■監督:大畑晃一
■1989年
■43分
80年代初頭から様々な作品の監督やメカデザインを担当、昨今では《新幹線変形ロボ シンカリオン》の絵コンテのオファーを受け、長き時を経ても決して錆びつかぬ鋼鉄のスーパーロボット魂でチビッ子たちを毎週ワクワクさせている大畑晃一さん。
そんな頼もしいアニメ界の装鬼兵こと大畑さんが監督したSF・オカルト・サイバーパンク・ロボット・アクション・バイオレンスOVA。
2019年のメガロポリス。
犯罪がはびこるスラムの無血清浄化を願う誠実な青年ジョンは、邪教徒たちにさらわれ、破壊の神・サルドーと同化させられてしまう。
禍々しく巨大な魔の姿と化した彼は街を大破壊!軍隊を蹴ちらし、演説中の市長を素手で握りつぶしたり、キングコングもドン引きの大暴れ。
そしてコントロールを失った恐るべきその破壊の手は、ついに愛する人にまで向けられようとしていた…
洋泉社さんから出版された《アニメ秘宝 オールタイム・ベスト・アニメーション》という本がある。
世界一信頼できる映画雑誌《映画秘宝》の関係者や、アニメの現場などで活躍しておられる方々が、おのおのマイベストアニメを選出。誌面せましと作品へのあふれる想いを語られた、非常に濃く、興味深い、どの年齢層のアニメファンにも激しくオススメの読み応え満点な1冊。(ちなみに巻頭に掲載された〈映画秘宝編集部が選ぶ殿堂入りアニメ10本〉は、他のベスト選出企画などではありえないタイトルも並ぶ、モノ凄い結果となっている。特に1位にはビックリ!)
この本のスペシャル・インタビューコーナーに、ヘンテコ映画コレクターとしても名高く、《世界トホホ映画劇場》という本まで出しておられる、我らが大畑晃一さんが登場!
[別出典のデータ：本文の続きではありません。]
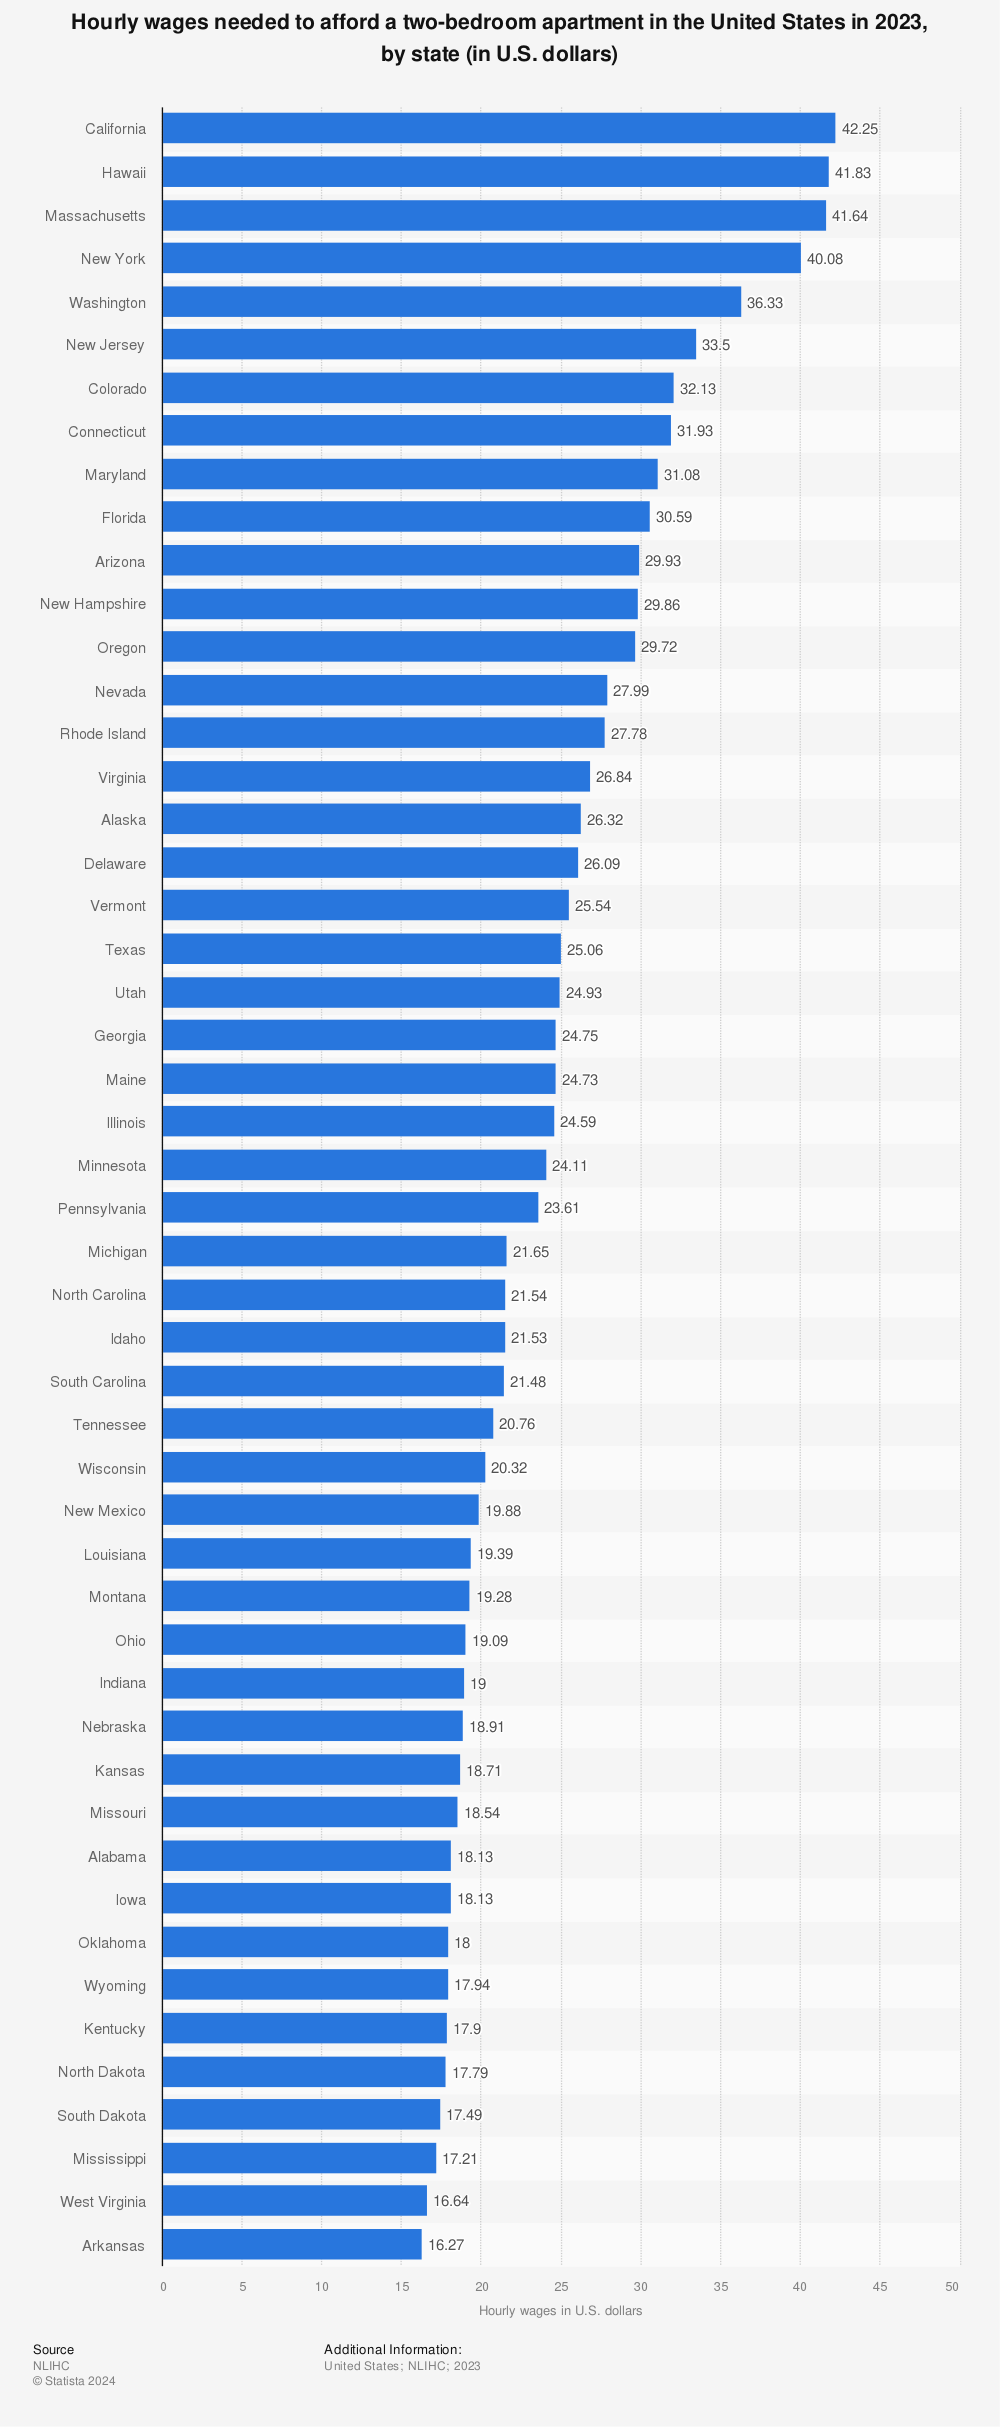 Statistic: Hourly wages needed to afford a two-bedroom apartment in the United States in 2023, by state (in U.S. dollars) | Statista

あのパクリアニメ史にそびえる くろがねの城《テコンV》がおとなしく感じられるような堂々たるパチもん作品や、超レアな〈日本でソフト化して欲しい海外アニメ10本〉を情熱たっぷりに大紹介!
そしてご自身が今、手がけておられる《シンカリオン》のロボット戦闘シーンについてたずねられ、こう語っておられる。
作品全体の方向性については、監督は親と子で安心して視られるアニメという視点に立って指示を出していると思います。
それに対して僕はちょっとだけロボットのシーンでドキッとさせようと思っています。(中略)例えば石川賢版『ゲッターロボ』みたいなヒーロー性のあるパワフルなバイオレンス、戦いのなかに怒りや恐怖が感じられるようなカットを、世界観を壊さないレベルで入れようと。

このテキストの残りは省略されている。